L'Amandier. Signe de la renaissance de la nature, cet arbre à la feuillaison printanière est aussi un symbole de fragilité car ses fleurs, ouvertes dès l'arrivée du printemps, sont sensibles au gel tardif. Chez les Grecs, l'amande pressée était comparée à la semence de Zeus, en tant que puissance créatrice. On affirme même que l'Amandier remonte directement à ce Dieu et que son fruit peut féconder une vierge indépendamment de l'union sexuelle. Selon une croyance qui tient encore en Europe, la jeune fille qui s'endort sous un Amandier en rêvant à son fiancé, peut soudainement se réveiller enceinte.

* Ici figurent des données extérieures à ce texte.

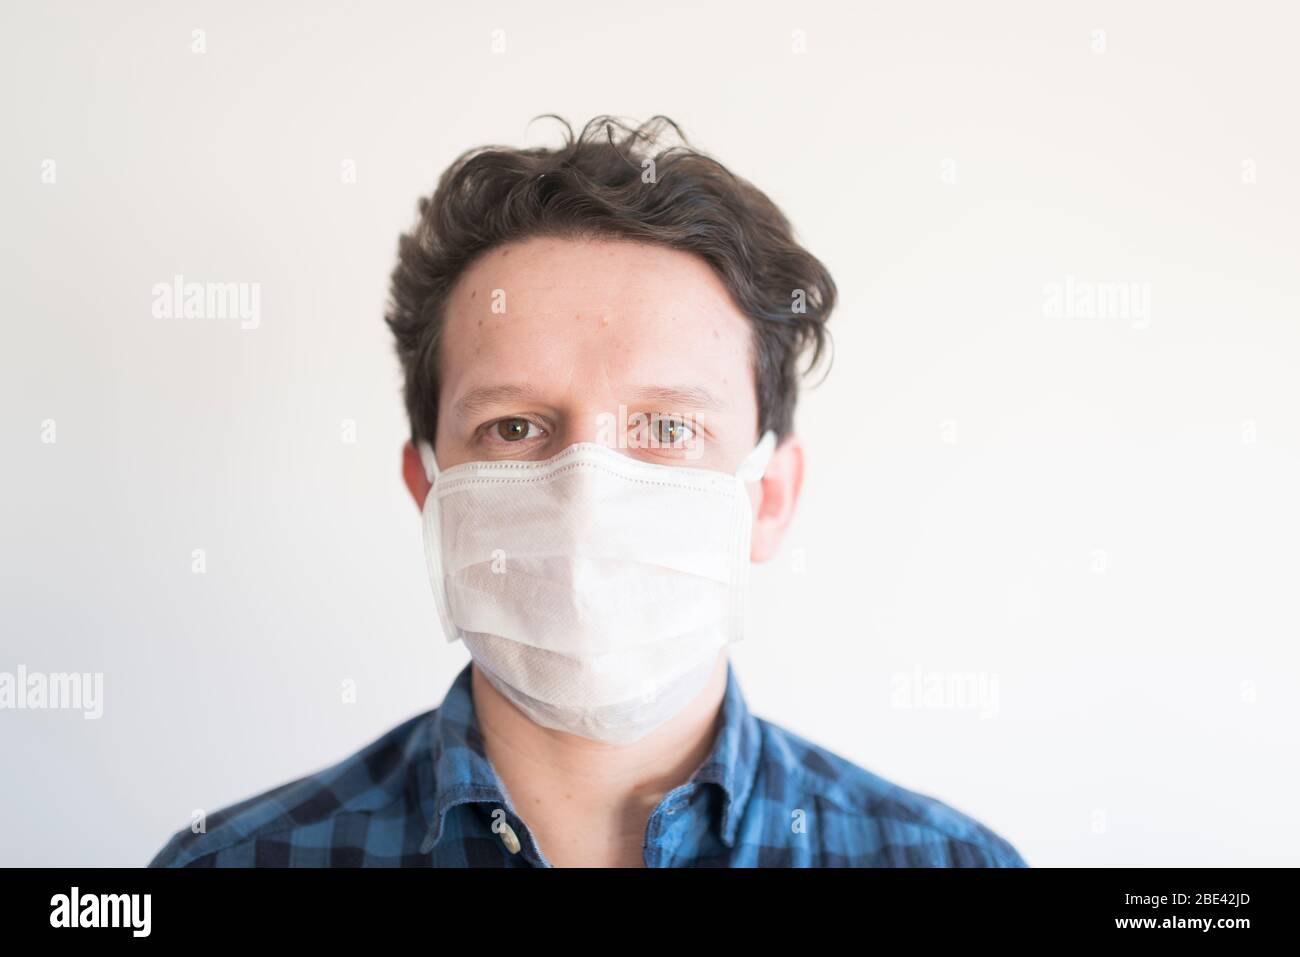 Ritratto frontale di un giovane che indossa una maschera facciale monouso, per prevenire la diffusione della malattia di coronavirus, Covid-19 Foto Stock

L'Aubépine. On accordait à cet arbre des pouvoirs permettant de détourner la foudre, de conserver la viande, d'empêcher de faire tourner le lait et d'éloigner les serpents; d'où des plantations fréquentes d'Aubépines à proximité des granges et des étables.
Le Bouleau. Les chamans de la Sibérie vantaient les vertus thérapeutiques de cet arbre des régions froides et tempérées. Ils n'hésitaient pas à monter dans ses branches pour mieux entrer en contact avec les Dieux de l'autre monde. On peut également s'interroger sur les raisons inconscientes qui font autant apprécier le Bouleau comme arbre d'ornement, une essence qui, pourtant, ne possède pas une grande espérance de vie et qui, mis à part sa beauté esthétique, offre plus d'inconvénients que d'avantages en ornementation. S'agit-il de sa blancheur, un symbole de pureté, ou de l'extrême finesse de sa ramure qui rend cet arbre si attirant?
Le Chêne. Arbre sacré dans de nombreuses traditions, le Chêne est investi de privilèges accordés à la divinité suprême parce qu'il attire la foudre et symbolise la majesté. En tout temps et en tout lieu, le Chêne est synonyme de force et de solidité. C'est du moins l'impression qu'il laisse quand il atteint sa maturité. Notons que le bois du chêne a la propriété d'être incorruptible, alors ne soyons donc pas étonnés d'apprendre que les termes "chêne" et "force" se traduisent en latin par le même mot: robur, symbolisant autant la force morale que physique. Il est le symbole de l'arbre de vie, le salut ainsi que les figures allégoriques de la Force et de la Prospérité. Le chêne est aussi l'arbre consacré à Jupiter dans la mythologie classique où de grands chênes croissent dans la forêt de Dodone, en Épire, qui est consacré à l'oracle de ce dieu, et est l'un des plus anciens sanctuaires grecs.
Le Cyprès. Cet arbre sacré chez de nombreux peuples, grâce à sa longévité et à sa verdure persistante, est également nommé "Arbre de vie", à l'instar du Thuya. Chez les Grecs et les Romains, le Cyprès est en rapport avec les divinités de l'enfer. Il est l'arbre des régions souterraines, d'où sa présence remarquée dans plusieurs cimetières du bassin de la Méditerranée. Le cyprès est l'un des attributs de la figure allégorique du Désespoir[8]: elle en tient une branche dans la main droite car, de même que le cyprès ne repousse pas s'il est coupé, l'homme en proie au désespoir finit par annihiler en lui toute possibilité de cultiver le courage et la Vertu.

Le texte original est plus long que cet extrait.